XPoint: A Self-Supervised Visual-State-Space based Architecture for Multispectral Image Registration

Ismail Can Yagmur,Hasan F. Ates,Bahadir K. Gunturk
2024-11-12
Abstract:Accurate multispectral image matching presents significant challenges due to non-linear intensity variations across spectral modalities, extreme viewpoint changes, and the scarcity of labeled datasets. Current state-of-the-art methods are typically specialized for a single spectral difference, such as visibleinfrared, and struggle to adapt to other modalities due to their reliance on expensive supervision, such as depth maps or camera poses. To address the need for rapid adaptation across modalities, we introduce XPoint, a self-supervised, modular image-matching framework designed for adaptive training and fine-tuning on aligned multispectral datasets, allowing users to customize key components based on their specific tasks. XPoint employs modularity and self-supervision to allow for the adjustment of elements such as the base detector, which generates pseudoground truth keypoints invariant to viewpoint and spectrum variations. The framework integrates a VMamba encoder, pretrained on segmentation tasks, for robust feature extraction, and includes three joint decoder heads: two are dedicated to interest point and descriptor extraction; and a task-specific homography regression head imposes geometric constraints for superior performance in tasks like image registration. This flexible architecture enables quick adaptation to a wide range of modalities, demonstrated by training on Optical-Thermal data and fine-tuning on settings such as visual-near infrared, visual-infrared, visual-longwave infrared, and visual-synthetic aperture radar. Experimental results show that XPoint consistently outperforms or matches state-ofthe-art methods in feature matching and image registration tasks across five distinct multispectral datasets. Our source code is available at <a class="link-external link-https" href="https://github.com/canyagmur/XPoint" rel="external noopener nofollow">this https URL</a>.
Computer Vision and Pattern Recognition
What problem does this paper attempt to address?

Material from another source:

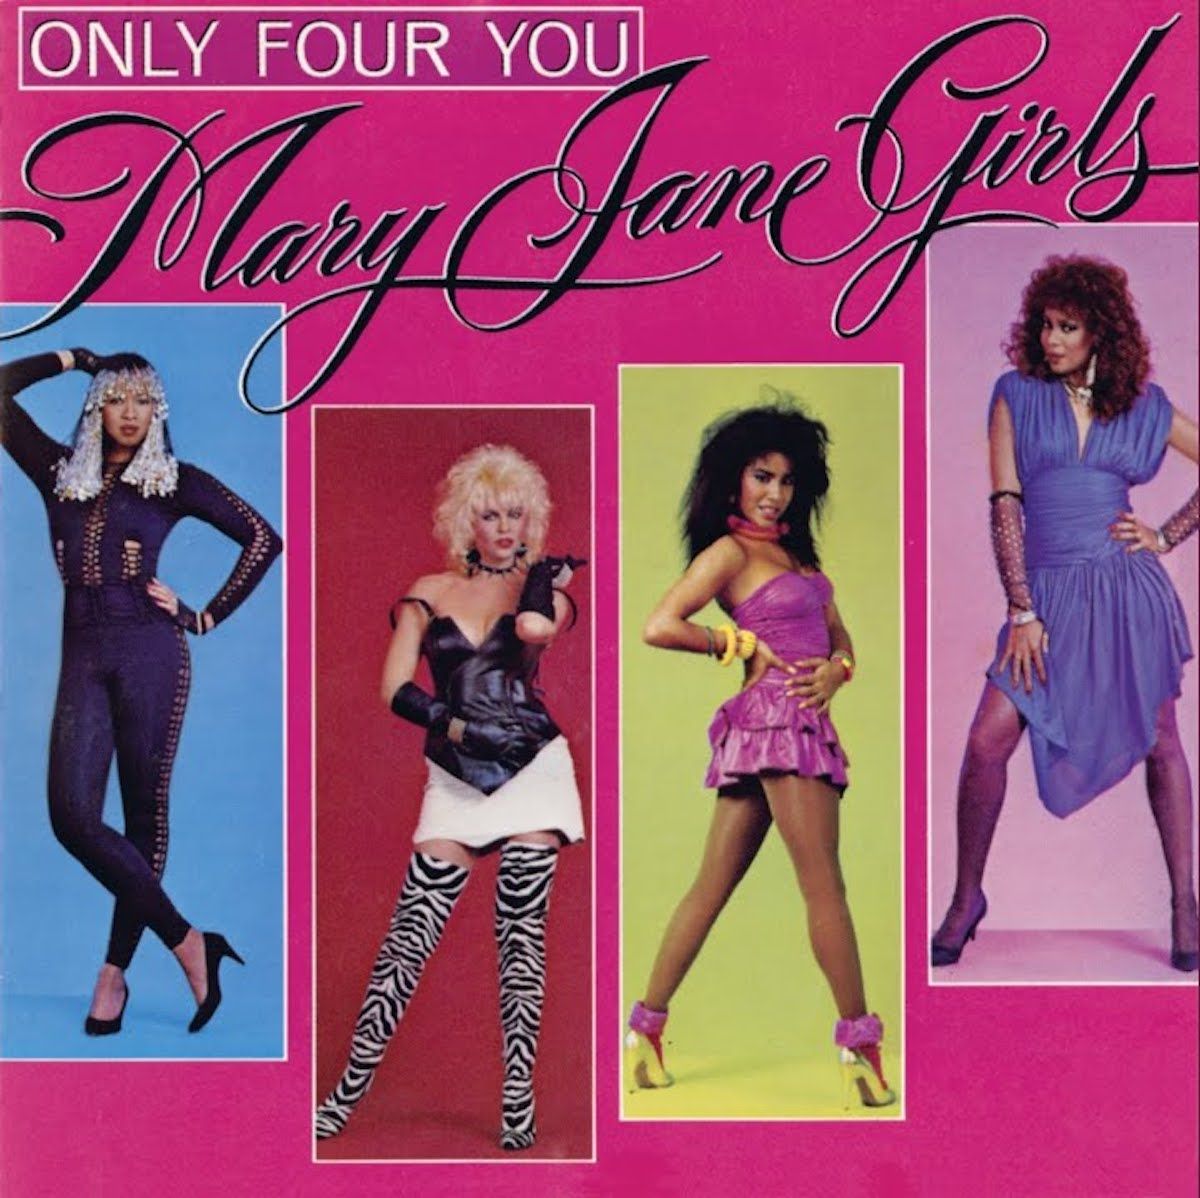 غلاف الألبوم لأربعة أنت فقط من قبل ماري جين جيرلز

The problem that this paper attempts to solve is the challenges in multispectral image matching, especially due to the nonlinear intensity changes between different spectral patterns, extreme view - angle changes, and the scarcity of labeled datasets. The existing state - of - the - art methods usually focus on a single spectral difference (such as visible - infrared), and have difficulties in adapting to other modalities because they rely on expensive supervised information, such as depth maps or camera poses. Specifically, the paper aims to solve the following problems: 1. **Cross - modality Adaptability**: Existing methods perform poorly when dealing with different spectral patterns and are difficult to generalize to unseen modalities. 2. **Scarcity of Labeled Data**: Multispectral image matching requires a large amount of labeled data, but these data are often difficult to obtain. 3. **View - angle and Spectral Changes**: Multispectral images change significantly under different view - angles and spectra, which increases the difficulty of matching. To solve these problems, the paper proposes XPoint, which is a self - supervised, modular image - matching framework that can perform adaptive training and fine - tuning on aligned multispectral datasets, allowing users to customize key components according to specific tasks. The main contributions of XPoint include: - **Multispectral Homeomorphic Transformation**: An improved multispectral homeomorphic transformation method is introduced to generate a set of pseudo - real key points that are invariant to view - angle and spectral changes. - **Pre - trained VMamba Encoder**: The VMamba encoder pre - trained on the segmentation task is used to enhance the feature extraction ability. - **Geometrically Constrained Regression Head**: A special task - specific head for homeomorphic regression is introduced to impose geometric constraints to improve the matching performance. - **Improved Detector Loss**: For datasets with significant spectral differences (such as VIS - SAR and VIS - NIR), the weighted cross - entropy loss is adopted to improve the performance of the model under complex conditions. Through these improvements, XPoint can achieve high - precision image matching and registration on multiple multispectral datasets, demonstrating its superior performance in multi - modal image - matching tasks.